This project serves dual purposes:

  1. Network Toolkit: A comprehensive web-based debugging and network diagnostic platform
  2. Microservices Emulator: A book shop microservices architecture emulator for testing and development

The toolkit provides instant access to essential system utilities through a browser interface, while the emulator allows developers to simulate and test microservices architectures without deploying full infrastructure.

Features

Network & System Diagnostics

Microservices Emulator

Deployment & Integration

Supported Tools

super-utils includes a comprehensive set of CLI/network utilities (all available in the Docker image and UI):

Network & Diagnostic Tools

apache2-utils, arping, bash, bind-tools, bird, bridge-utils, busybox, busybox-extras, calicoctl, conntrack-tools, ctop, curl, dhcping, drill, ethtool, file, fping, httpie, iftop, iperf, iperf3, iproute2, ipset, iptables, iptraf-ng, iputils, ipvsadm, liboping, mii-tool, mtr, net-snmp-tools, netcat-openbsd, netgen, nftables, ngrep, nmap, nmap-nping, scapy, socat, strace, tcpdump, tcptraceroute, termshark, tshark, websocat

File & Text Processing

awk, cut, diff, find, grep, sed, vi, vim, wc, gzip, cpio, tar, jq

System & Development

bash, git, libc6-compat, openssl, py-crypto, py2-virtualenv, python2, python3, util-linux

Web & Transfer Tools

curl, wget, dig, nslookup, telnet, ssh, lftp, rsync, scp, ab (ApacheBench)

Database Clients

mysql-client, postgresql-client, mongodb-tools, redis

Quick Start

Local Development

# Install dependencies
cd super-utils
go mod tidy
go run main.go
# Open http://localhost:8080 in your browser

Docker

docker run -p 8080:8080 super-utils
# All tools are available inside the container

docker pull quay.io/pepodev/super-utils

# mysqldump
docker run --rm quay.io/pepodev/super-utils "mysqldump --help"
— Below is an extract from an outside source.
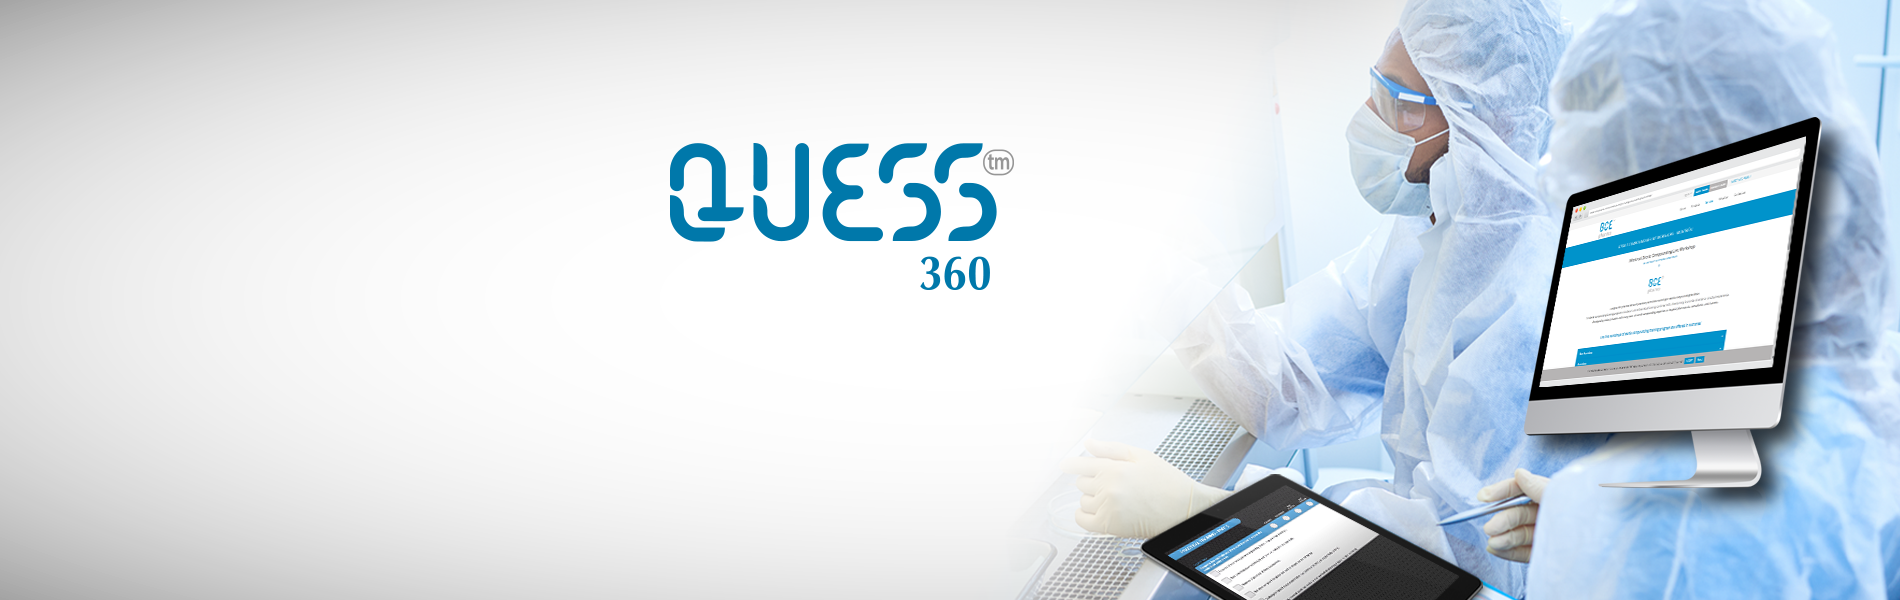 Quess Corp Limited | CakeResume

# gsutil // copy local file to google cloud storage
# working directory is /opt/ mount folder in this path to easy use as volume
docker run --rm -v ./service-account:./service-account quay.io/pepodev/super-utils "gcloud activate ./service-account/gcp && gsutils -m copy -r ./dir/ gs://some-bucket"

Multi-Architecture Build (Local Testing)

To test multi-architecture builds locally, you need Docker Buildx:

# 1. Create a new builder instance (one-time setup)
docker buildx create --name multiarch --driver docker-container --use
docker buildx inspect --bootstrap

# 2. Build for multiple architectures
# Build and load for local testing (single platform at a time)
docker buildx build --platform linux/amd64 -t super-utils:amd64 --load .
docker buildx build --platform linux/arm64 -t super-utils:arm64 --load .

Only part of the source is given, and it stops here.